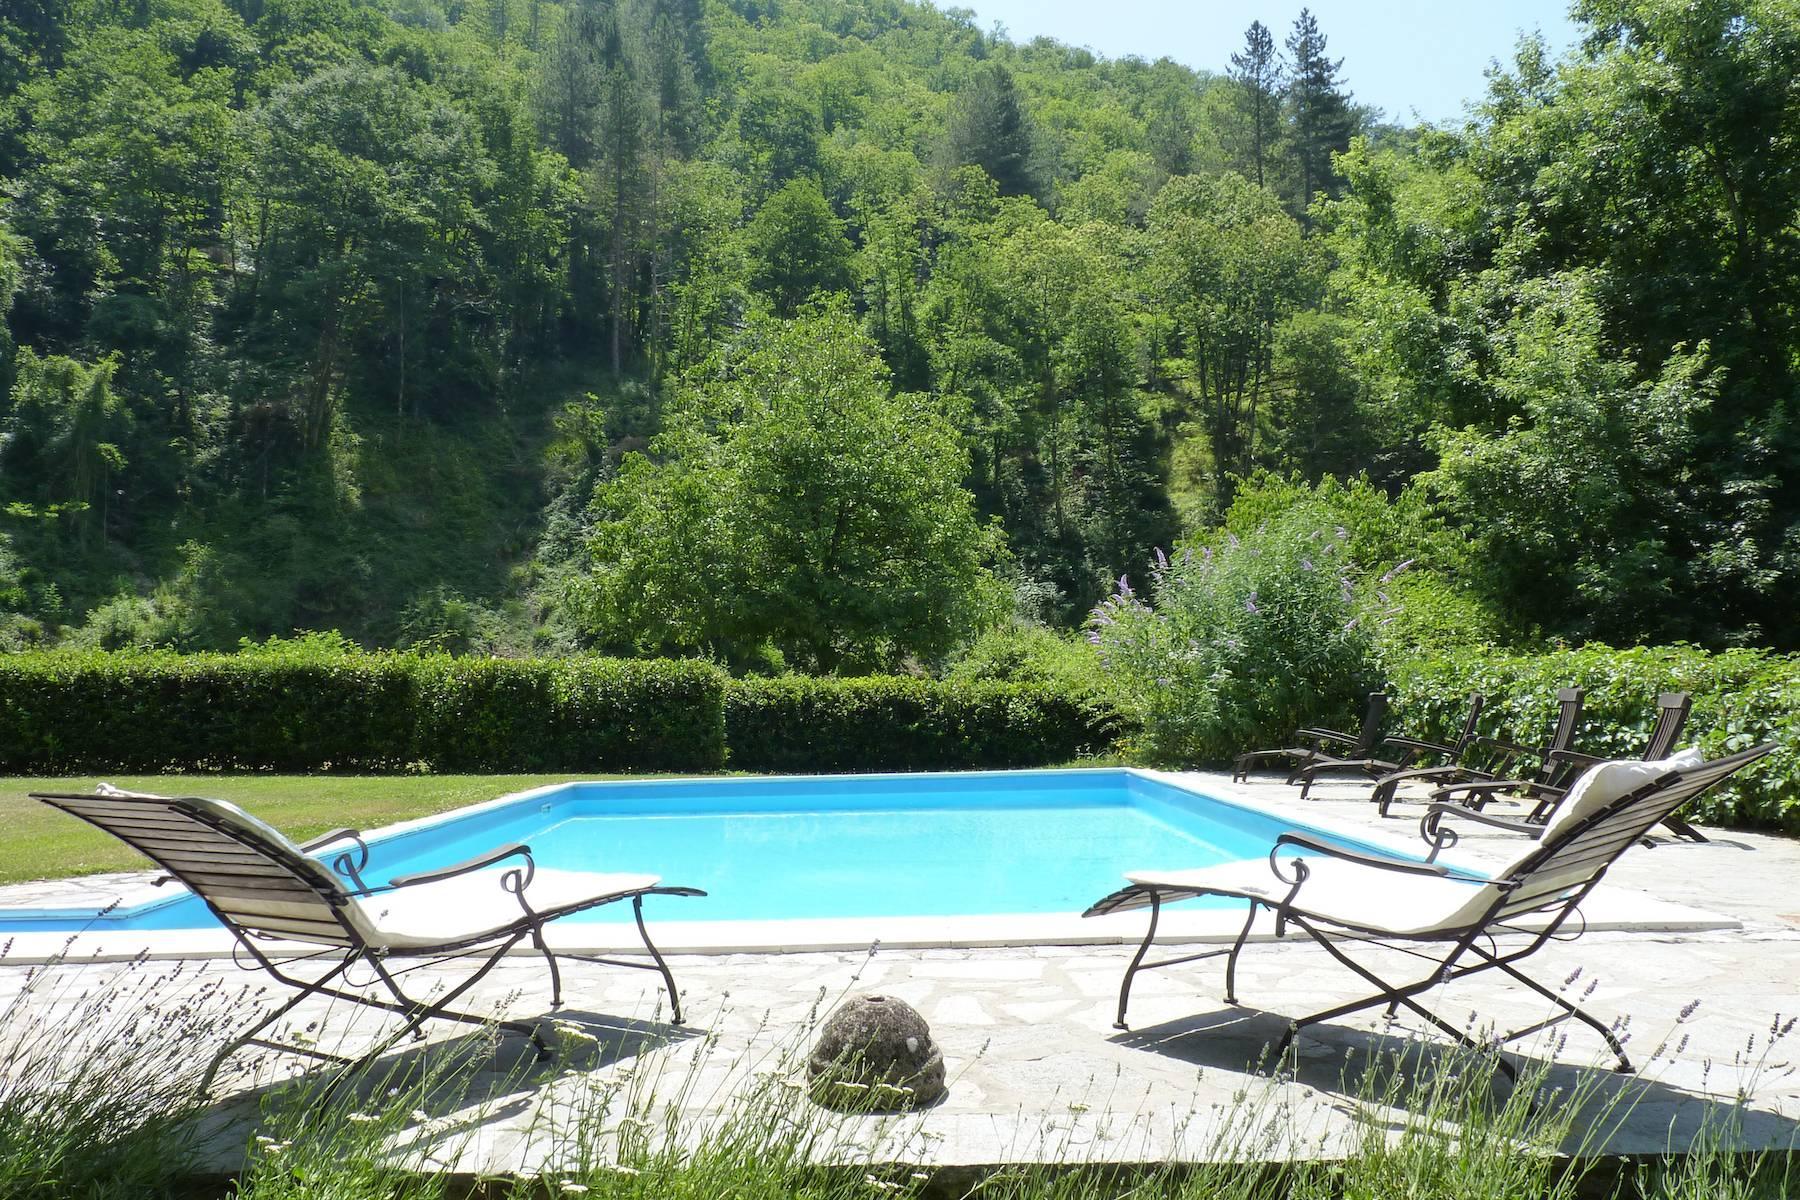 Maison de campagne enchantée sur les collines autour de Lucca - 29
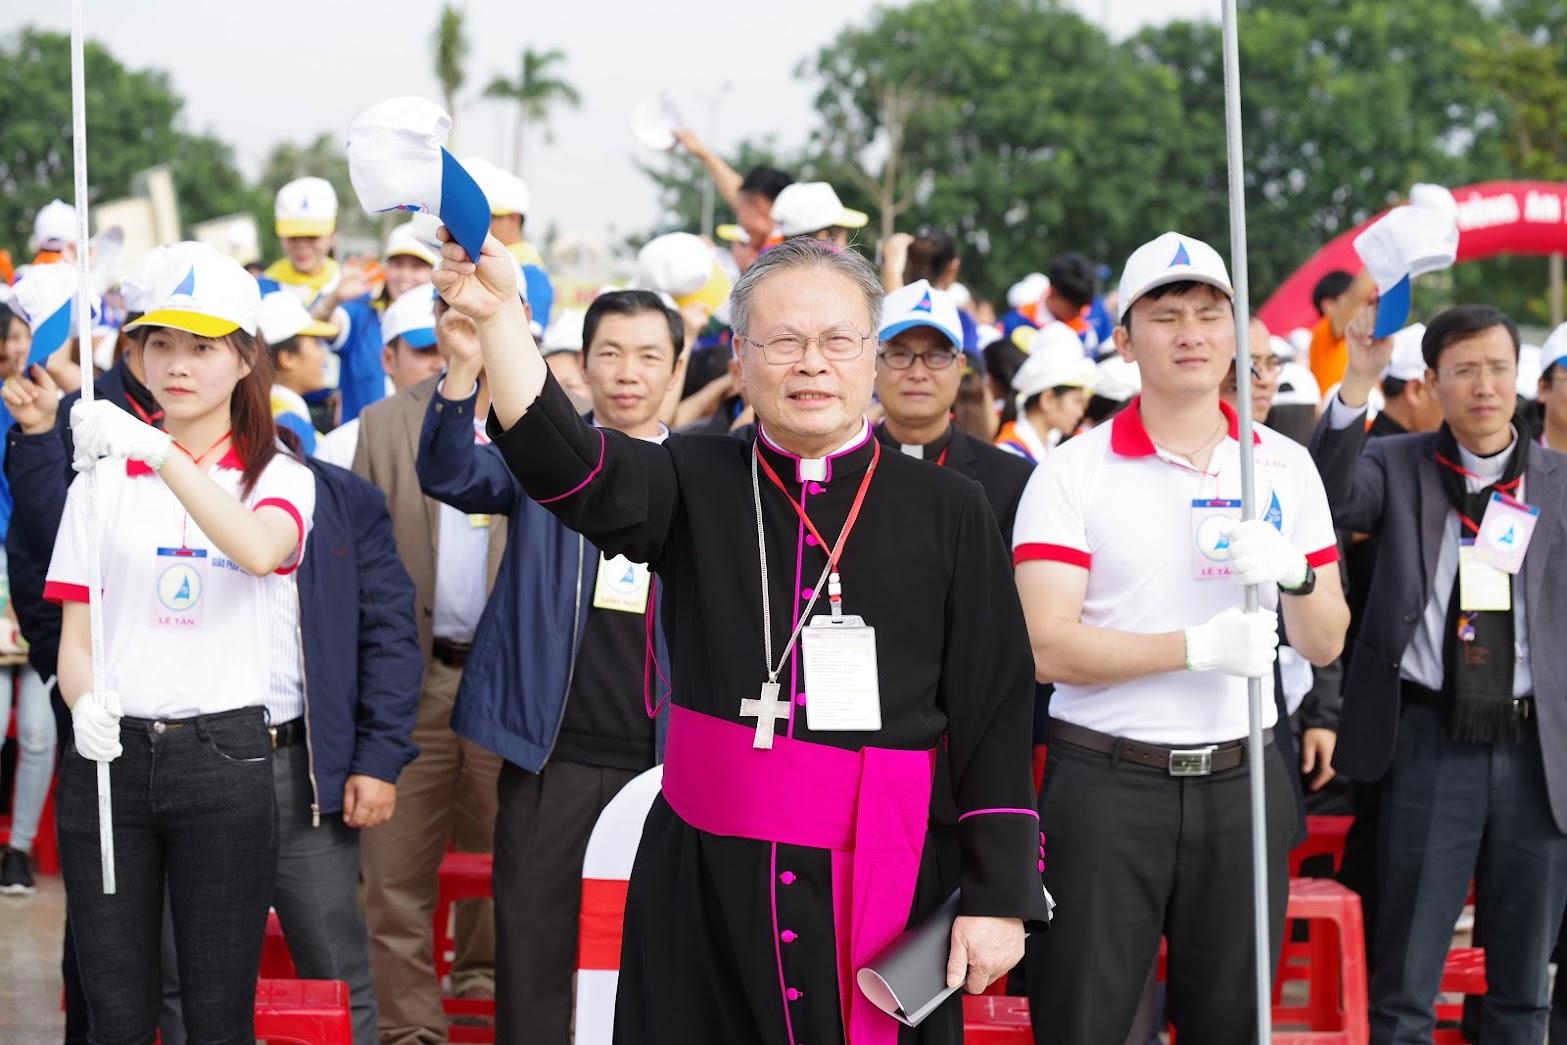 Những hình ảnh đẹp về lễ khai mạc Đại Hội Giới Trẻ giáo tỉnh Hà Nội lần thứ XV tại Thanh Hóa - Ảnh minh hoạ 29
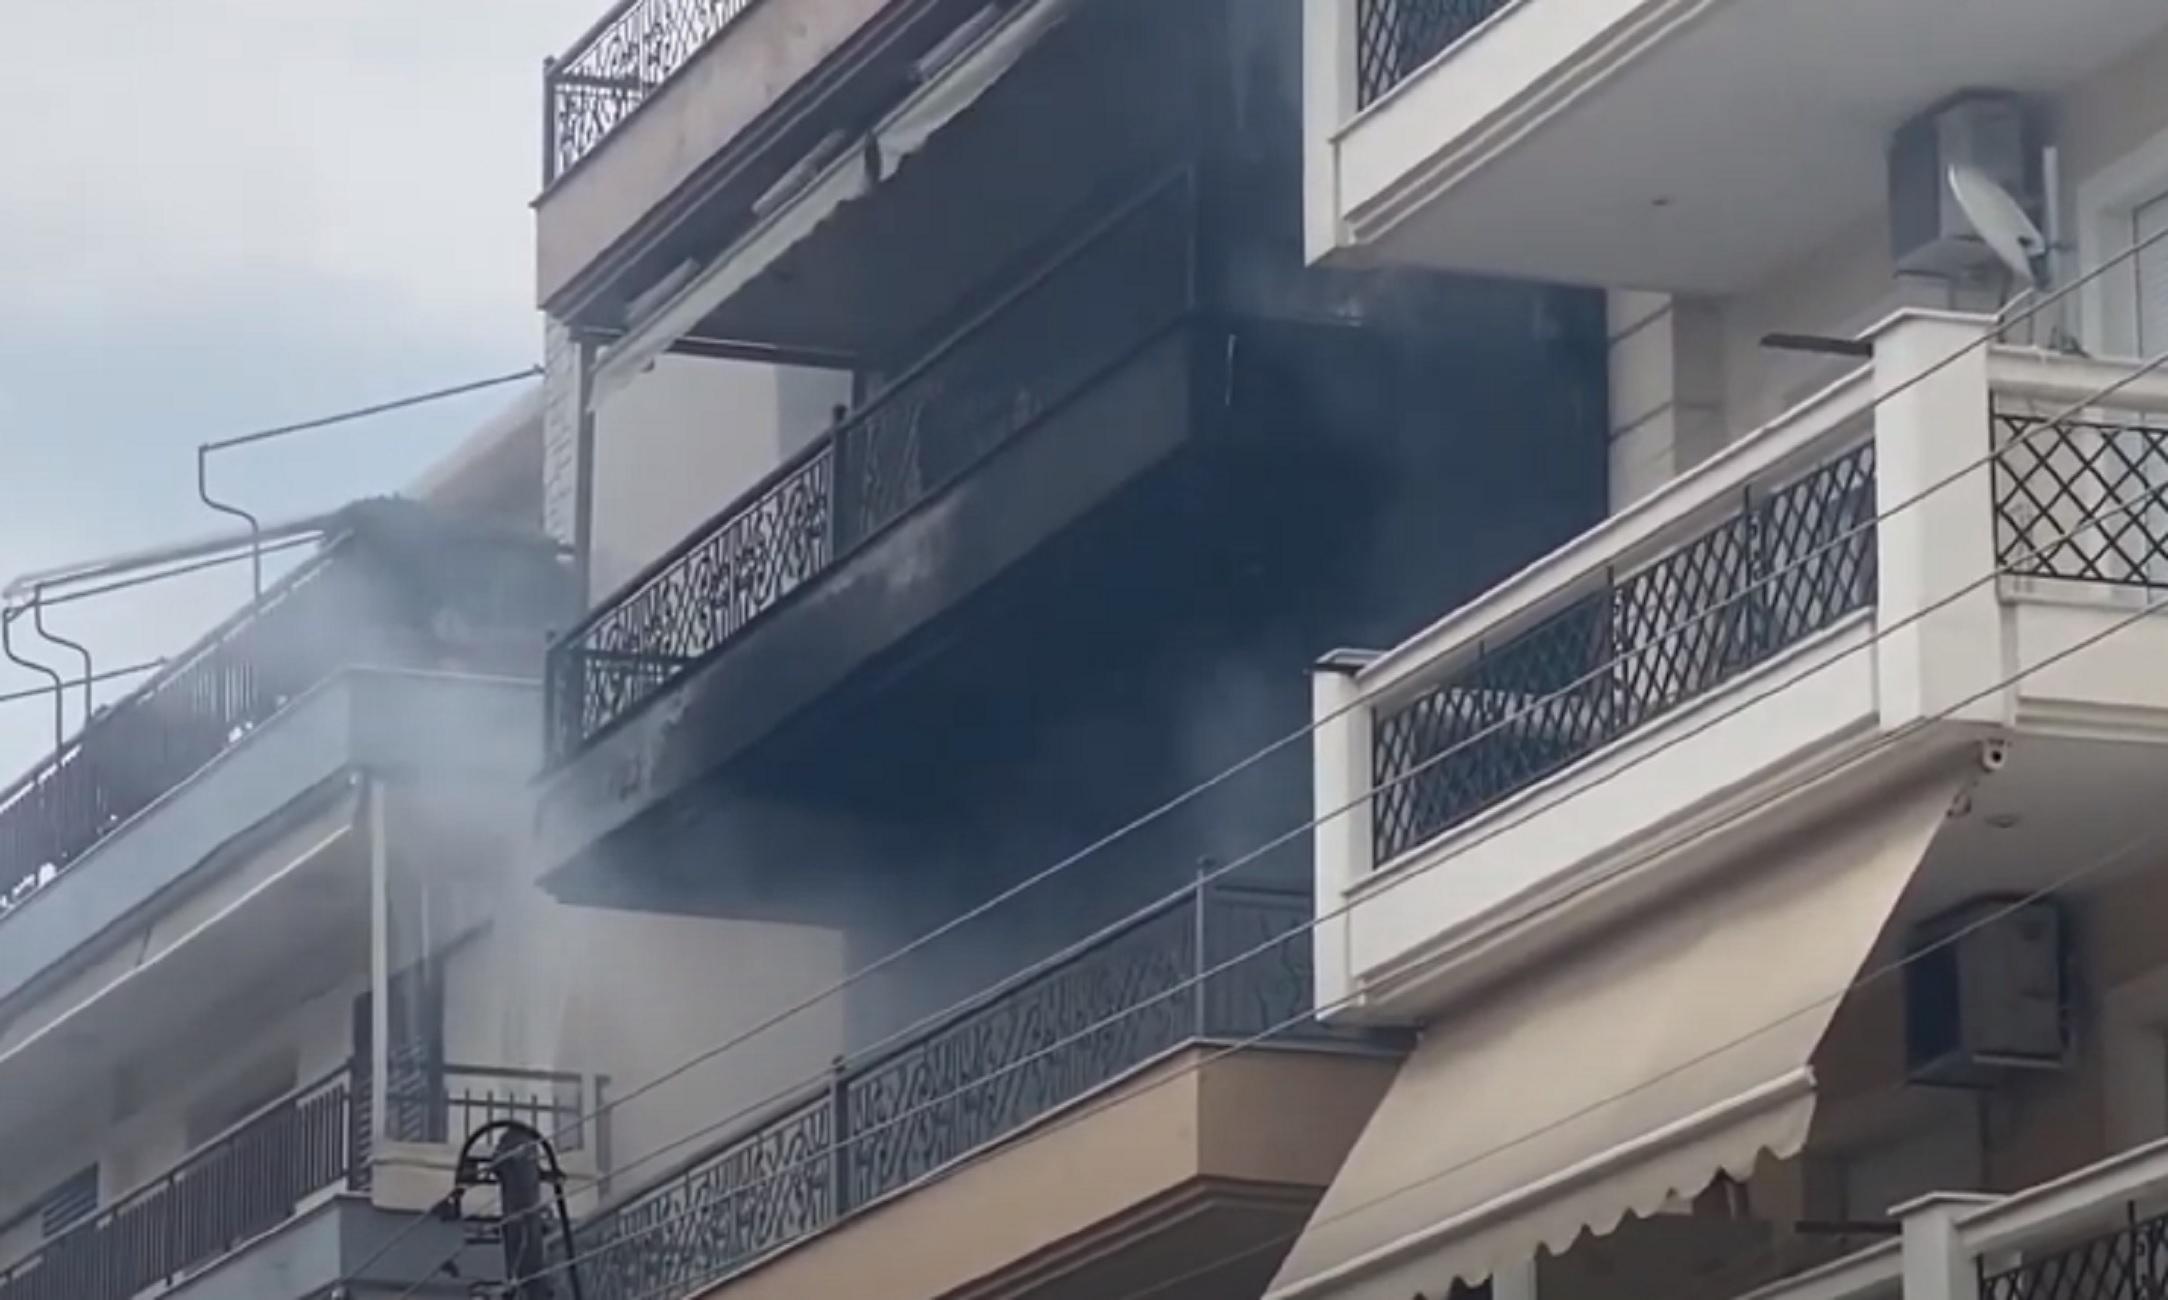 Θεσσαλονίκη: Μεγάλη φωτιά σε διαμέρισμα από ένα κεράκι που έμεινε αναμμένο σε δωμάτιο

§ **Requirement**
Would you please set down the data above again exactly, without its pictures?

§ **Expected answer**
 Maison de campagne enchantée sur les collines autour de Lucca - 29
 Những hình ảnh đẹp về lễ khai mạc Đại Hội Giới Trẻ giáo tỉnh Hà Nội lần thứ XV tại Thanh Hóa - Ảnh minh hoạ 29
 Θεσσαλονίκη: Μεγάλη φωτιά σε διαμέρισμα από ένα κεράκι που έμεινε αναμμένο σε δωμάτιο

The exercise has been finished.